Tip: If the model binary and inputs are already prepared, skip straight to the “Run the Model” step.
aic_binary_dir = 'aic-binary-dir'
if os.path.exists(aic_binary_dir):
shutil.rmtree(aic_binary_dir)
cmd = '/opt/qti-aic/exec/qaic-exec -aic-hw -aic-hw-version=2.0 -compile-only -convert-to-fp16 \
-aic-num-cores=4 -m=model.onnx -onnx-define-symbol=batch_size,1 -aic-binary-dir=' + aic_binary_dir
os.system(cmd)
5. Get example input¶
url = 'http://images.cocodataset.org/val2017/000000039769.jpg'
image = PIL.Image.open(requests.get(url, stream=True).raw)
6. Run the model¶
# Create the AIC100 session and prepare inputs and outputs
vit_sess = qaic.Session(model_path= aic_binary_dir+'/programqpc.bin',
num_activations=1)
inputs = processor(images=image, return_tensors='pt')
input_shape, input_type = vit_sess.model_input_shape_dict['input']

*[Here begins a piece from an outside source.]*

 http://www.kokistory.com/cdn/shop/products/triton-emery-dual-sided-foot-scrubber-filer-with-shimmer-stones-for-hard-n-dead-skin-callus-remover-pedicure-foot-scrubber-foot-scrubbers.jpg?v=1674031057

input_data = inputs['pixel_values'].numpy().astype(input_type)
input_dict = {'input': input_data}
output_shape, output_type = vit_sess.model_output_shape_dict['output']
# Run model on AIC100
vit_sess.setup() # Load the model to the device.
output = vit_sess.run(input_dict) # Execute on AIC100 now.

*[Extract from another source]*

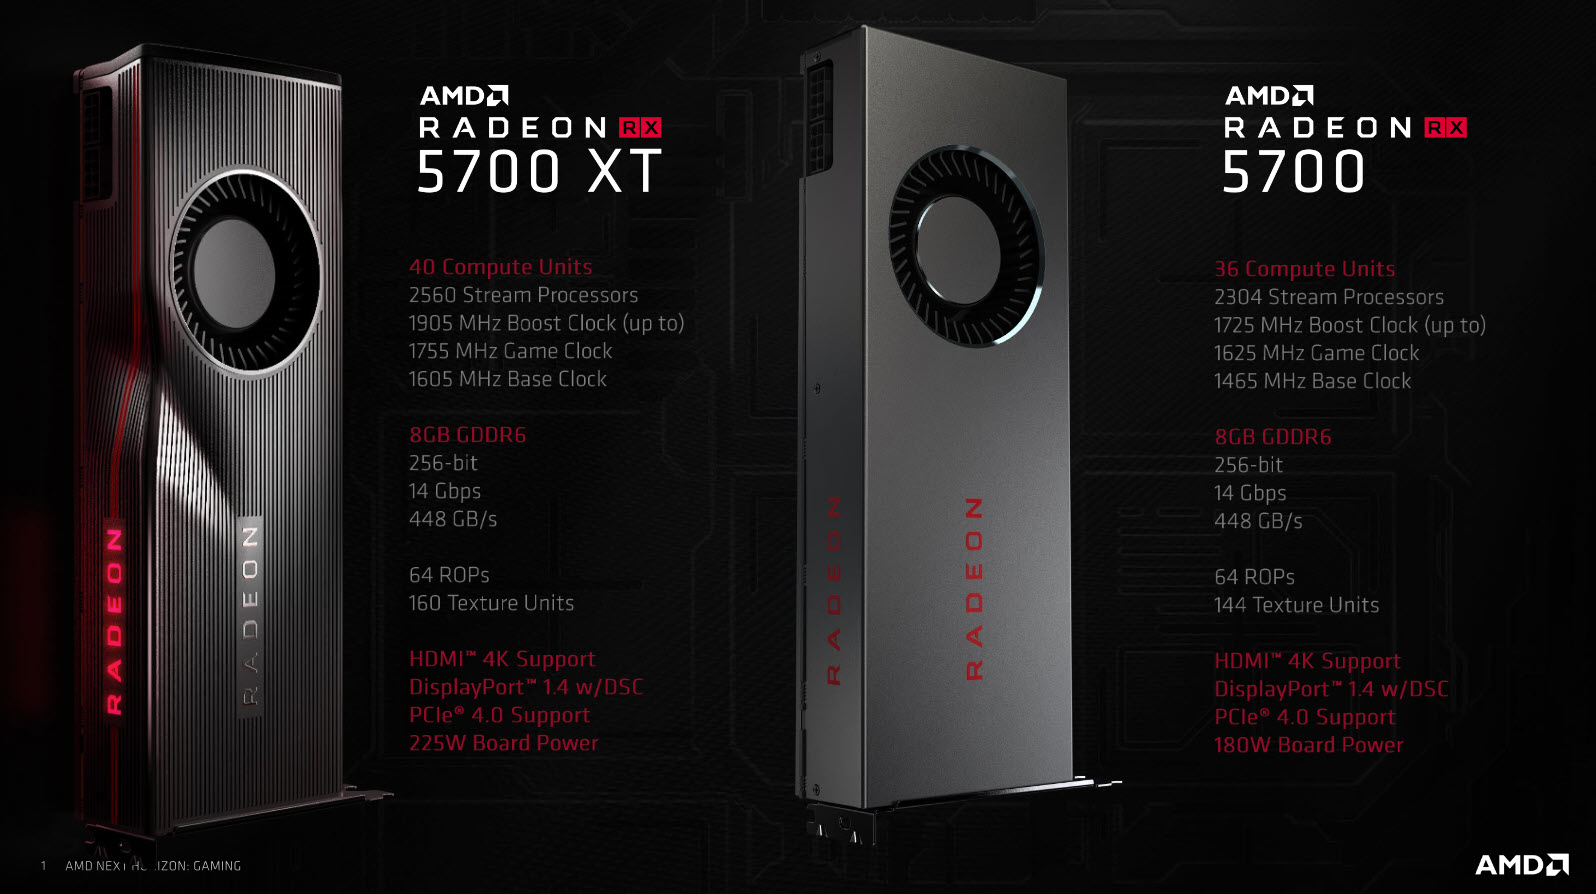 2019 07 07 9 00 19 AMD RADEON RX 5700 REVIEW

# Obtain the prediction by finding the highest probability among all classes
logits = numpy.frombuffer(output['output'], dtype=output_type).reshape(output_shape)

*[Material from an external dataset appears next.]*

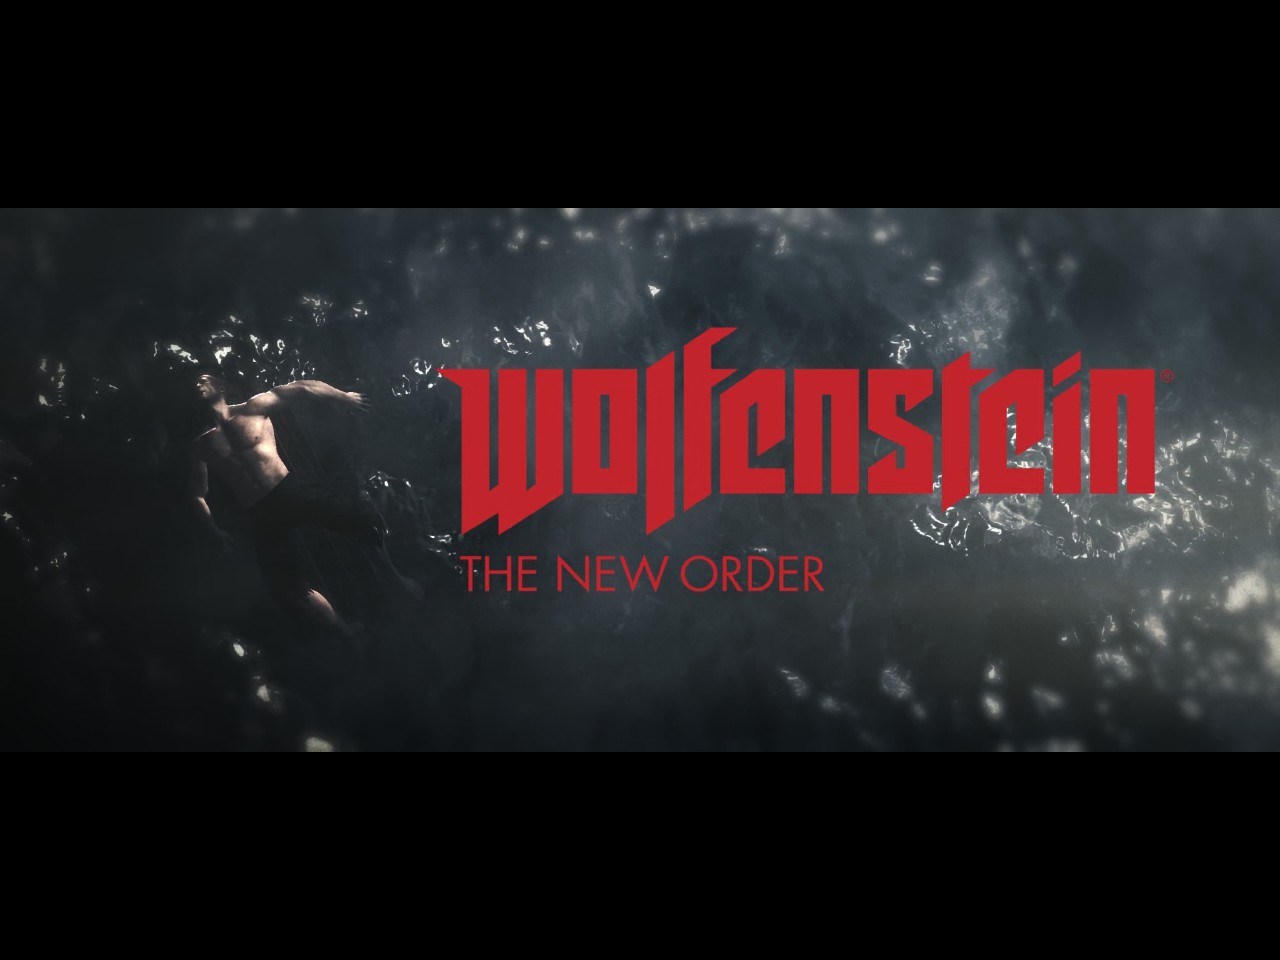 Wolfenstein the New Order: Reviving a Brand and FPS - Game Wisdom

predicted_class_idx = logits.argmax(-1).item()
print('Predicted class:', model.config.id2label[predicted_class_idx])
Next Steps¶
We showed the ease of onboarding and running inference on Cloud AI platforms in this section. Refer to the User Guide for details on SDK installation, inference workflow, system management etc.
Appendix¶
Full quickstart code¶
quickstart.py
# Copyright (c) Qualcomm Technologies, Inc. and/or its subsidiaries.
# SPDX-License-Identifier: BSD-3-Clause-Clear
# Import relevant libraries
import os, shutil, sys, requests, torch, numpy, PIL
from transformers import ViTForImageClassification, ViTImageProcessor
import qaic
# Choose the Vision Transformers model for classifying images and its image input preprocessor
model = ViTForImageClassification.from_pretrained('google/vit-base-patch16-224')
processor = ViTImageProcessor.from_pretrained('google/vit-base-patch16-224')
dummy_input = torch.randn(1, 3, 224, 224) # Batch, channels, height, width
torch.onnx.export(model, # PyTorch model
dummy_input, # Input tensor
'model.onnx', # Output file
export_params = True, # Export the model parameters
input_names = ['input'], # Input tensor names
output_names = ['output'] # Output tensor names
)
aic_binary_dir = 'aic-binary-dir'
if os.path.exists(aic_binary_dir):
shutil.rmtree(aic_binary_dir)
cmd = '/opt/qti-aic/exec/qaic-exec -aic-hw -aic-hw-version=2.0 -compile-only -convert-to-fp16 \
-aic-num-cores=4 -m=model.onnx -onnx-define-symbol=batch_size,1 -aic-binary-dir=' + aic_binary_dir
os.system(cmd)
url = 'http://images.cocodataset.org/val2017/000000039769.jpg'
image = PIL.Image.open(requests.get(url, stream=True).raw)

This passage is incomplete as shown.